First, you’d set up the RDS connector. You’d deploy the pre-built RDS connector Lambda from the Serverless Application Repository, configure it with your database credentials (stored in Secrets Manager), and ensure the Lambda can reach your RDS instance (either in the same VPC or through a security group rule). In Athena, you’d create an external data source that references this Lambda and maps it to your MySQL database.

Next, you’d set up the DynamoDB connector similarly. Deploy the DynamoDB connector Lambda and configure it to access your DynamoDB tables.

Now you can write a query like this:

SELECT 
    p.product_id,
    p.product_name,
    COUNT(o.order_id) as order_count,
    SUM(o.order_value) as total_value
FROM rds_source.ecommerce.products p
JOIN dynamodb_source.order_events o ON p.product_id = o.product_id
WHERE o.order_timestamp > date_format(current_timestamp - interval '7' day, '%Y-%m-%d')
    AND p.price > 50
GROUP BY p.product_id, p.product_name
ORDER BY total_value DESC
LIMIT 20

When you execute this query, Athena’s optimizer recognizes that the predicates on order_timestamp and price can be pushed down to the respective connectors. The RDS connector receives a request to fetch products with price > 50, filtering at the database level. The DynamoDB connector receives a request to scan order events with timestamps in the last 7 days. Both connectors return only the relevant data, the join happens in Athena, and you get your trending products without transferring gigabytes of unnecessary data.

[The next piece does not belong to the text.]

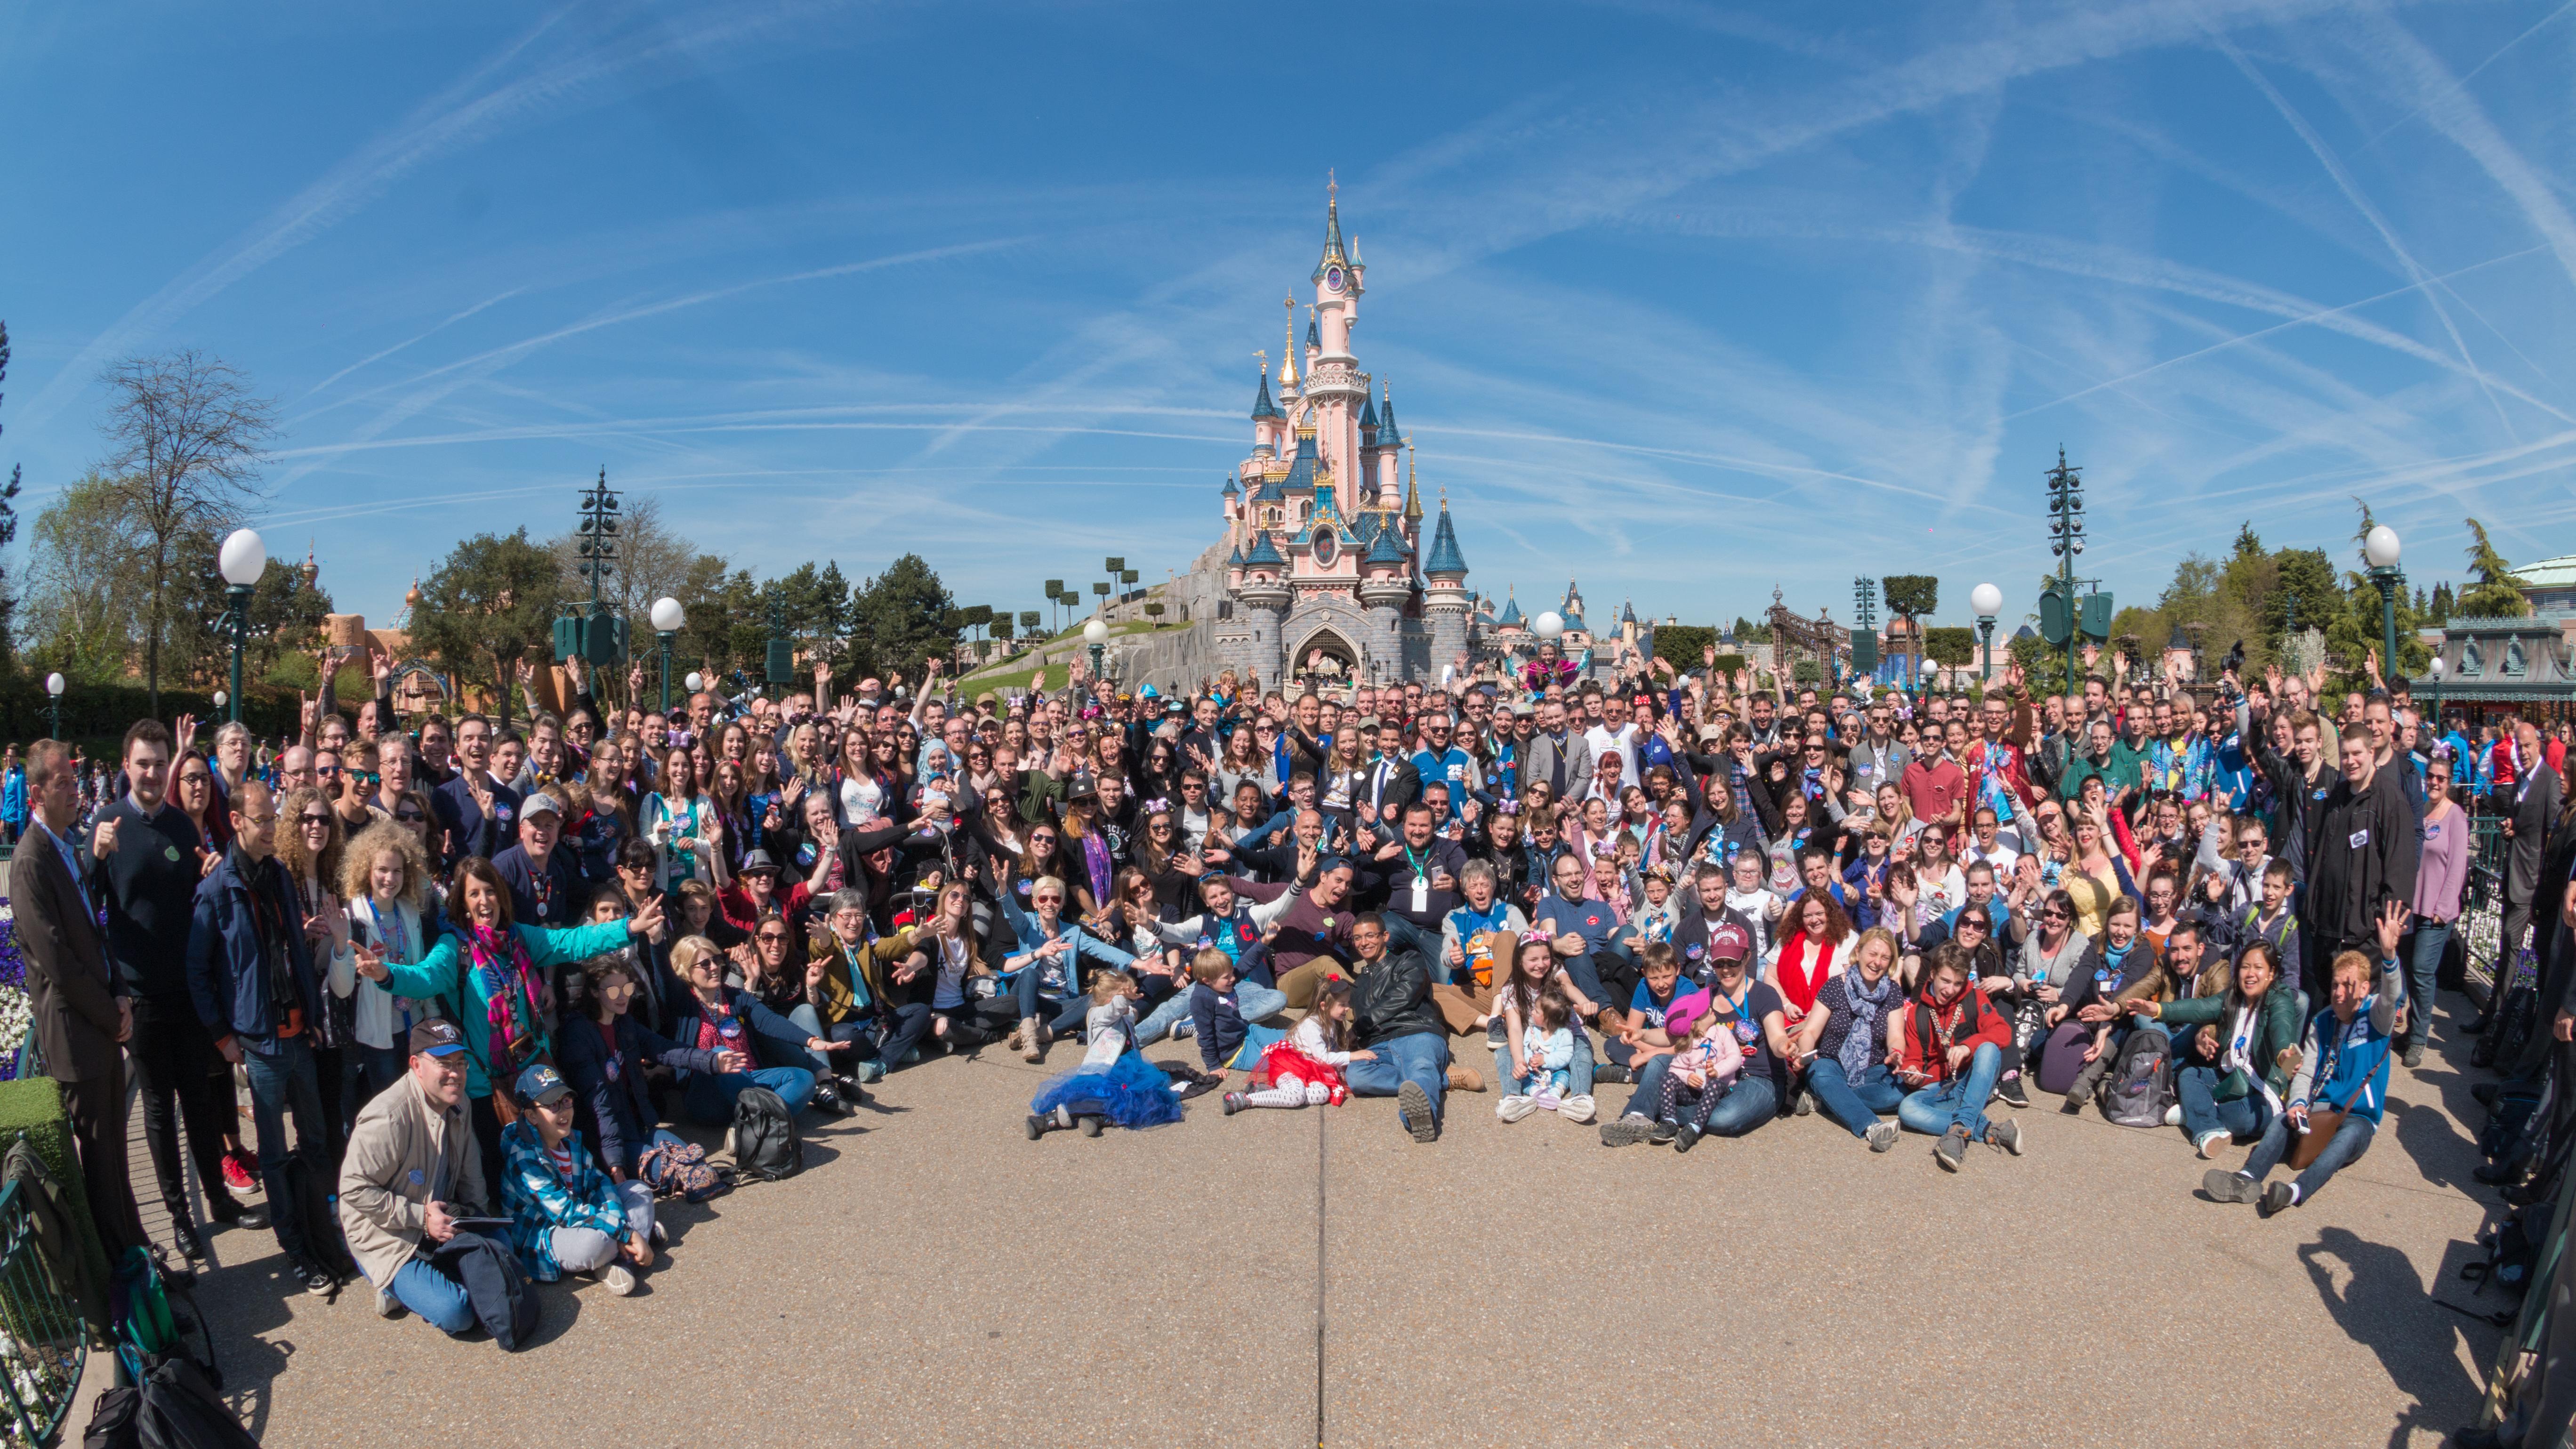 [25 ans] 12 avril 2017 à Disneyland Paris KznNn9

The results might take a few seconds to appear (depending on your data volume and remote system performance), but you’ve achieved something that would have been difficult without federated queries: correlating operational transactional data with event-driven behavioral data, all through a single SQL statement.

When Federated Queries Make Sense#

Federated queries are powerful, but they’re not always the right choice. Use them when you need to correlate data across multiple sources infrequently, when data freshness is important, or when data volumes are small enough that the performance impact is acceptable. They’re excellent for ad-hoc analysis, exploratory queries, and reporting that combines operational and analytical data.

Avoid federated queries for high-volume repeated scans, real-time dashboards that need subsecond latency, or scenarios where you’re essentially replacing a traditional ETL pipeline. For those use cases, the performance and cost benefits of replicating data into S3 usually outweigh the simplicity of federated queries.

Conclusion#

Amazon Athena’s federated query capability transforms it from a specialized S3 querying tool into a universal SQL interface for your entire data landscape. By understanding the architecture—how Lambda connectors act as intermediaries between Athena and remote data sources—you can architect solutions that avoid costly data replication while maintaining access to fresh operational data.

Whether you’re using AWS-provided connectors for common data sources like RDS and DynamoDB, or building custom connectors for specialized systems, the principles remain consistent: push predicates down to remote sources, minimize data transfer, and understand the performance and cost implications of your queries. With these foundational concepts in mind, you’re equipped to leverage federated queries effectively in your AWS applications, unlocking analytical capabilities that would be difficult or expensive to achieve through traditional approaches.